O relatório apresenta sua costumeira pesquisa com executivos de bancos sobre os principais riscos vistos no horizonte. De acordo com o documento, além da trajetória de aumento da dívida bruta do governo geral, os bancos citam “o persistente aumento dos ativos problemáticos na carteira às grandes empresas” entre os principais pontos de atenção em termos de risco.

Os executivos mencionam os riscos fiscais com uma frequência de 49% na pesquisa, o que faz esse ser o principal perigo no horizonte, à frente do cenário internacional (31%). Mas houve recuo no risco fiscal em relação a maio, quando chegou a 75%. Já o risco de inadimplência apresentou aumento, de 7% em fevereiro, para 9% em maio e para 15% em agosto. O risco externo também se agravou – era 13% em maio.

Apesar do fraco desempenho da atividade econômica, a rentabilidade dos bancos permaneceu em alta no primeiro semestre. O Retorno sobre o Patrimônio Líquido (ROE) do setor alcançou 15,8% no acumulado em 12 meses até junho. A rentabilidade é maior, por exemplo, do que a observada em países como Turquia (14,2%), China (13,2%) e Austrália (12,9%).

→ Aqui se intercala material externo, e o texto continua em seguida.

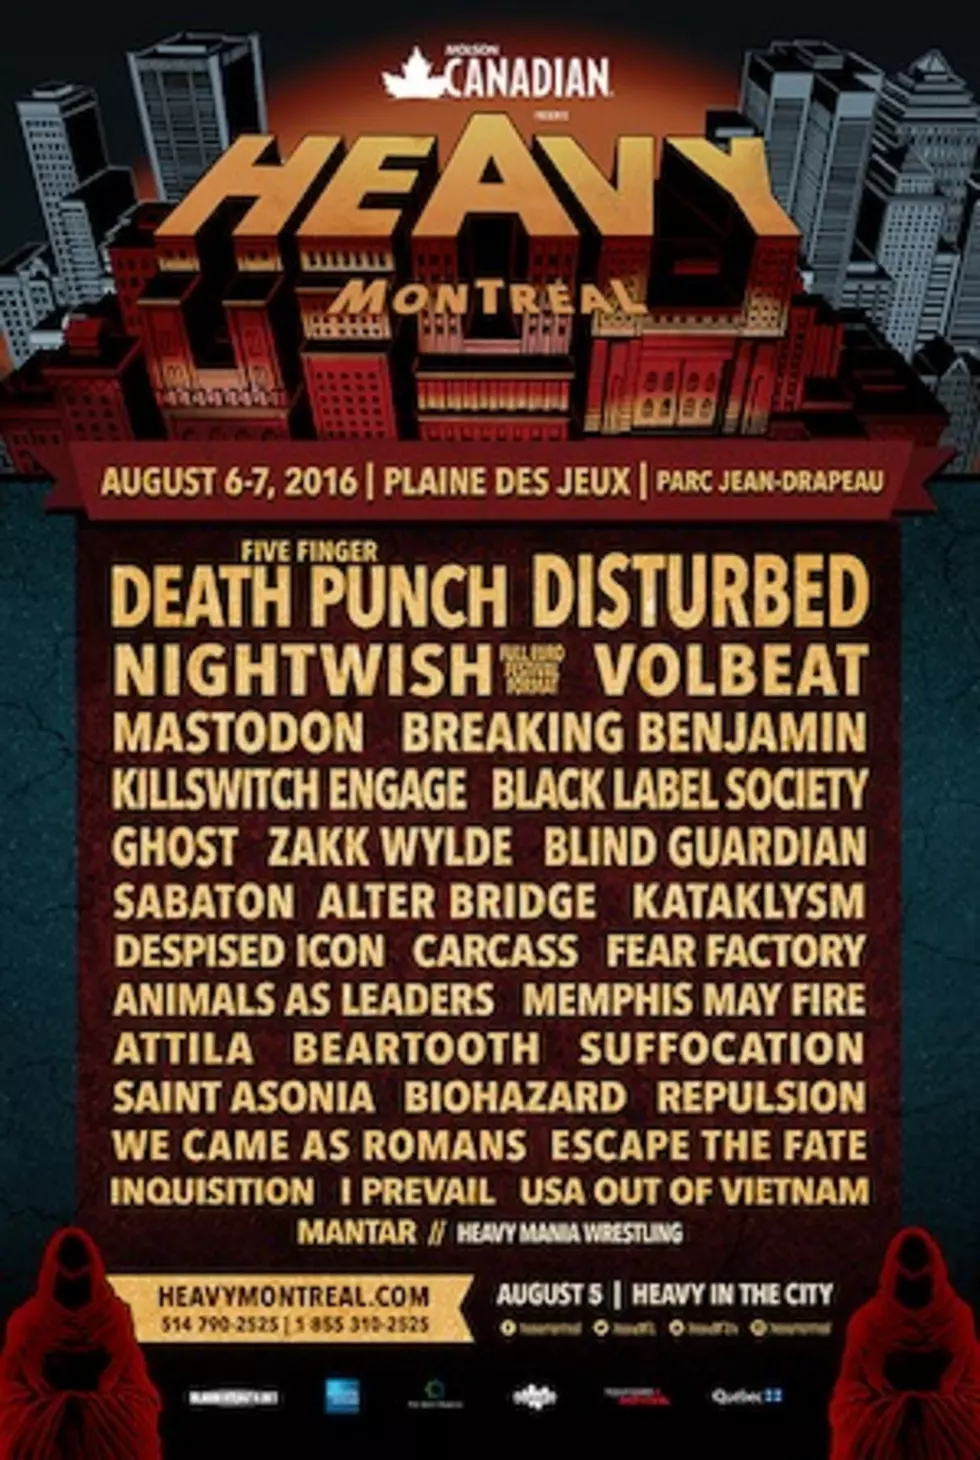 Disturbed, Five Finger Death Punch + More to Rock 2016 Heavy Montreal Festival

A perspectiva, destaca a autoridade monetária, é de leve arrefecimento dessa tendência, devido “ao esgotamento da redução das despesas de provisão e da expectativa de retração dos ganhos de eficiência operacional”.

Segundo diretor do BC, até 2018 os bancos ganharam com a queda na taxa básica de juros. Agora, ou aumentam o volume de crédito ou alteram o ‘mix’ de operações.